Marc Thiessen makes a valiant attempt in his Washington Post column to defend the campaign mounted by the group Keep America Safe, led by Liz Cheney, against the hyperbolically dubbed “al-Qaeda Seven” — seven Justice Department lawyers who, prior to entering government service, defended detainees accused of working for al-Qaeda. He writes:

Would most Americans want to know if the Justice Department had hired a bunch of mob lawyers and put them in charge of mob cases? Or a group of drug cartel lawyers and put them in charge of drug cases? Would they want their elected representatives to find out who these lawyers were, which mob bosses and drug lords they had worked for, and what roles they were now playing at the Justice Department? Of course they would — and rightly so.

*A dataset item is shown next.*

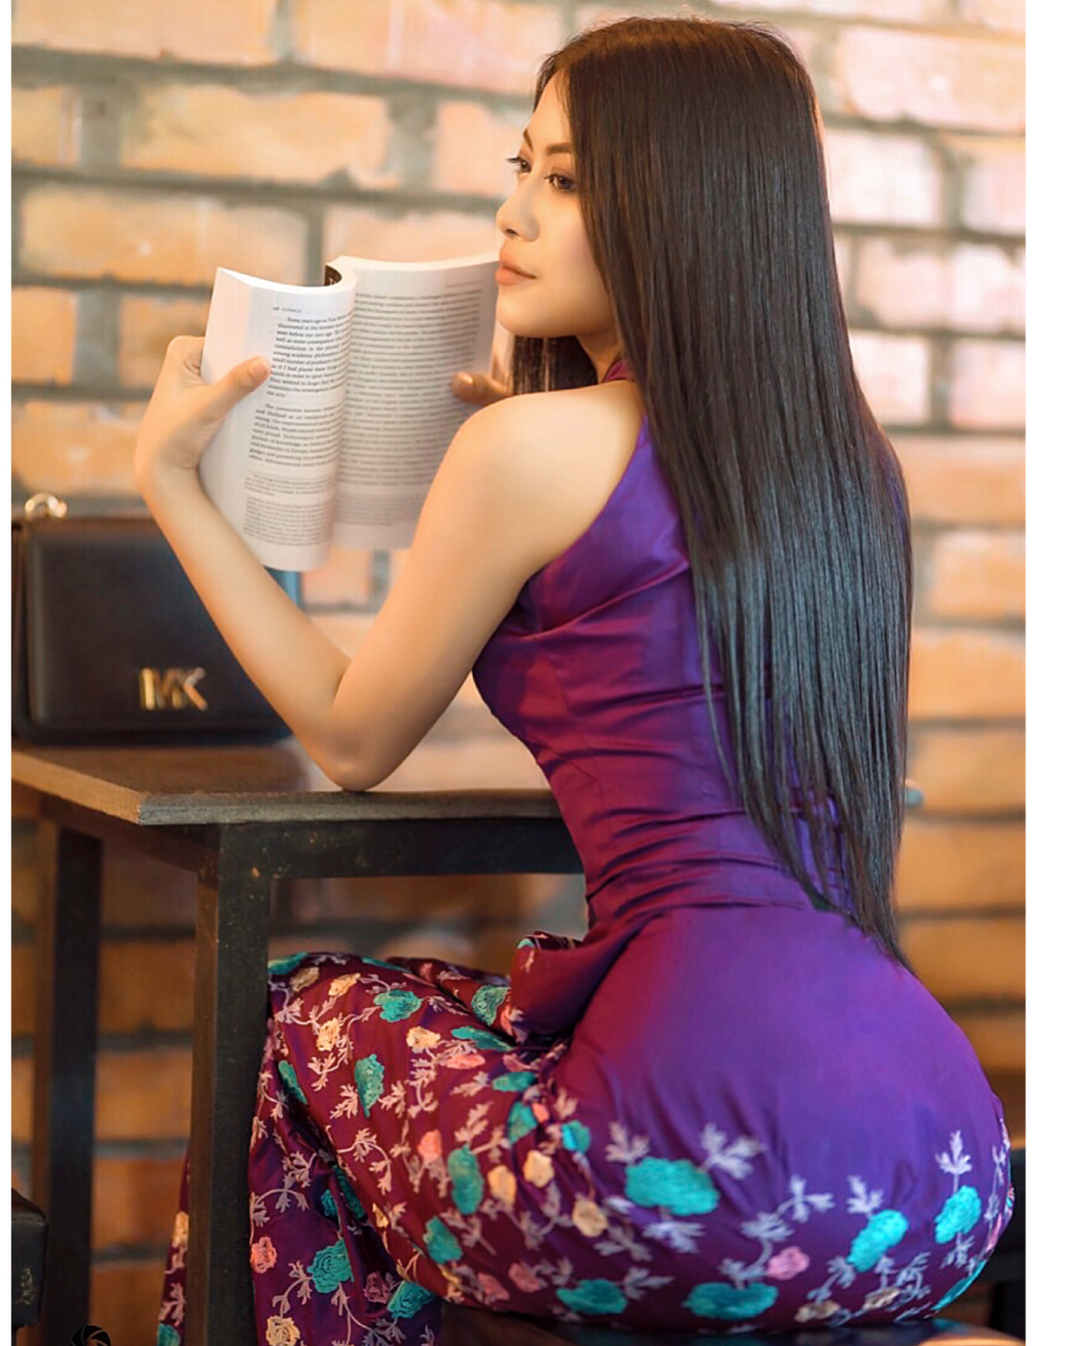 Myanmar Model Girl in 2020 | Gorgeous women, Burmese girls

But the situation is hardly analogous. The pejorative phrases “mob lawyers” and “drug cartel lawyers” refer to attorneys whose practices are consist either solely or mainly of working for rich gangsters. In many cases these lawyers became more or less a part of the criminal enterprise themselves, often taking illegal actions such as carrying a mob boss’s orders to his underlings from jail.

There are in fact “terrorist lawyers” in this sense. For example Lynne Stewart, who was sentenced to 28 months in prison for passing messages from the “blind sheikh,” Omar Abdel Rahman, to his fellow terrorists. Or the French lawyer Isabelle Coutant-Peyre, who is engaged to marry Carlos the Jackal, and has compared the French police to the Gestapo.

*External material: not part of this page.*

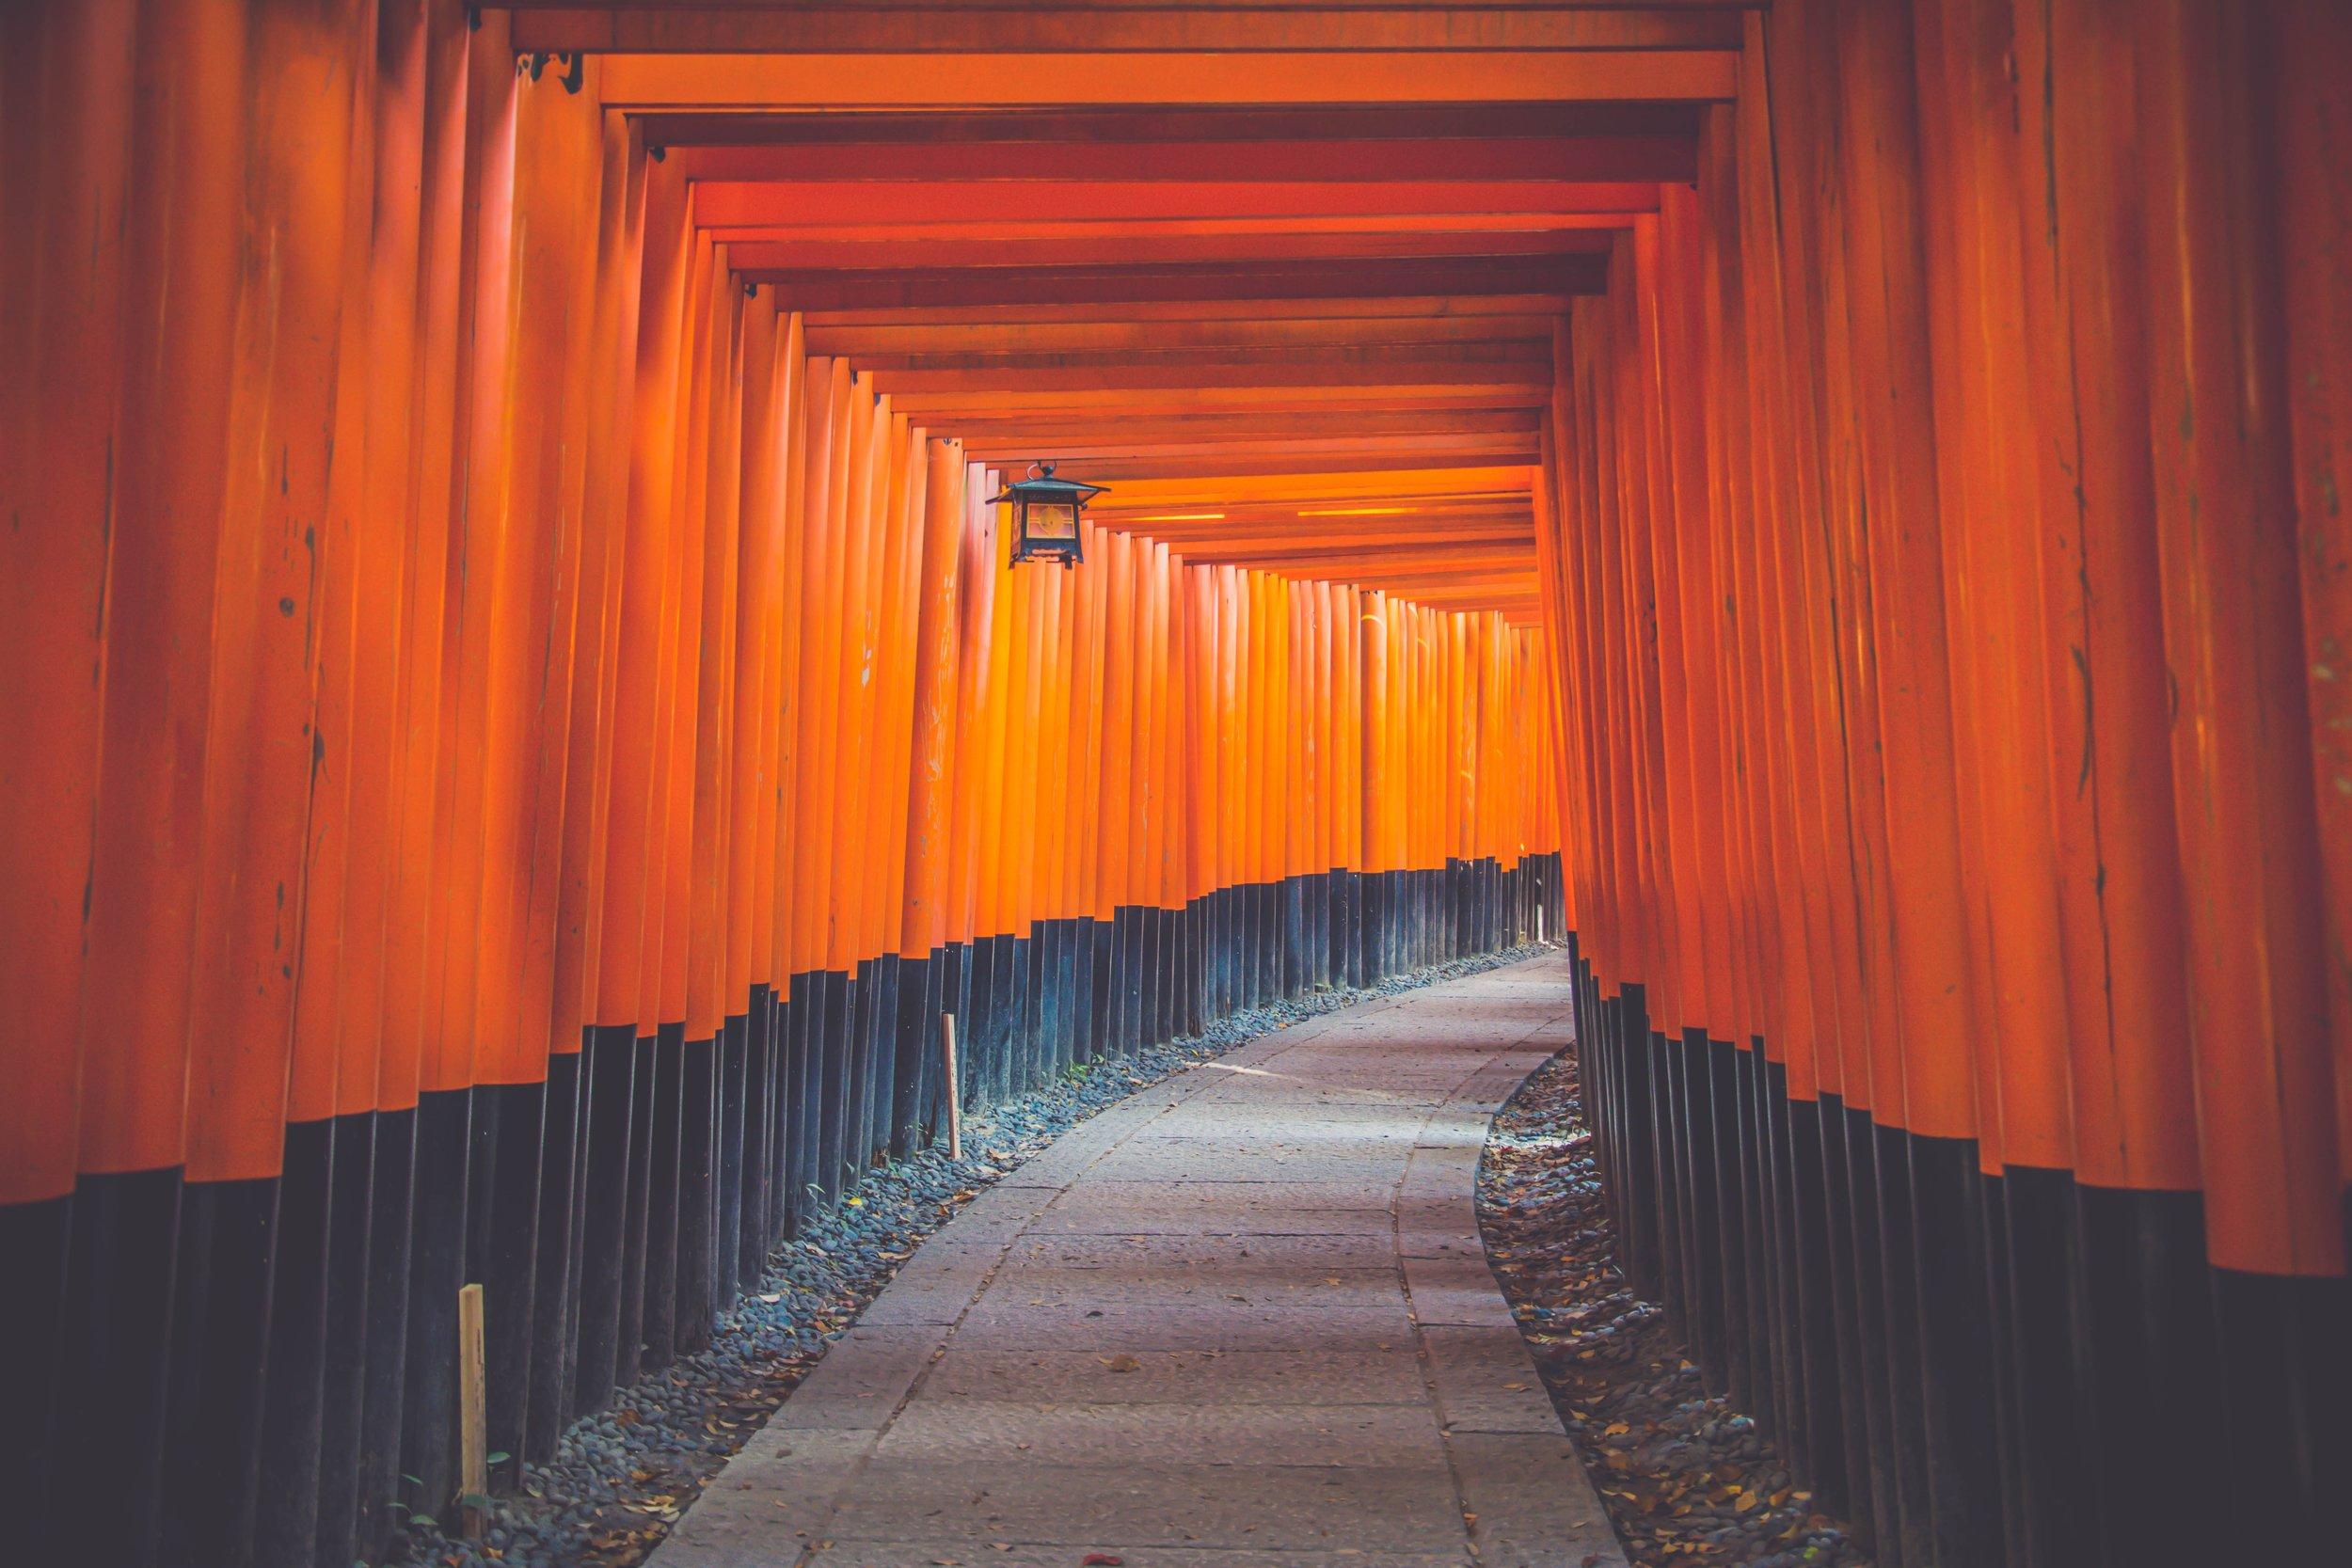 orange-art.jpg

If Stewart or Coutant-Peyre had been hired by the Department of Justice, I could see legitimate grounds for outrage. But the lawyers singled out by Keep America Safe are hardly in the same category. All they did was challenge the rules governing terrorist detainees or provide some representation to terrorist defendants. There is no suggestion that they favor terrorism or support al-Qaeda; all they did was what lawyers are supposed to do. As a group of Republican attorneys note:

Whether one believes in trial by military commission or in federal court, detainees will have access to counsel. … Good defense counsel is … key to ensuring that military commissions, federal juries, and federal judges have access to the best arguments and most rigorous factual presentations before making crucial decisions that affect both national security and paramount liberty interests.

Thiessen has a better point when he bemoans the double standard at work here. Many of those now outraged by the attacks on the Justice Department lawyers kept silent or applauded when John Yoo, Jay Bybee, and other honorable Bush administration lawyers were accused of being “war criminals” and threatened with prosecution for advocating a vigorous prosecution of the war against al-Qaeda. Perhaps this controversy will prove salutary if it will lead the Left to call off their attack dogs.

But there is an overriding cost that should be kept in mind: By focusing so much on the lower-level lawyers, Keep America Safe is missing the real problem. That starts at the top with Attorney General Eric Holder and President Obama, who seem willing to give terrorist defendants more rights than they received under the Bush administration — and more rights than most Americans think they deserve. I would suggest keeping the focus on Obama and Holder, not on underlings who are not the ultimate decision-makers here.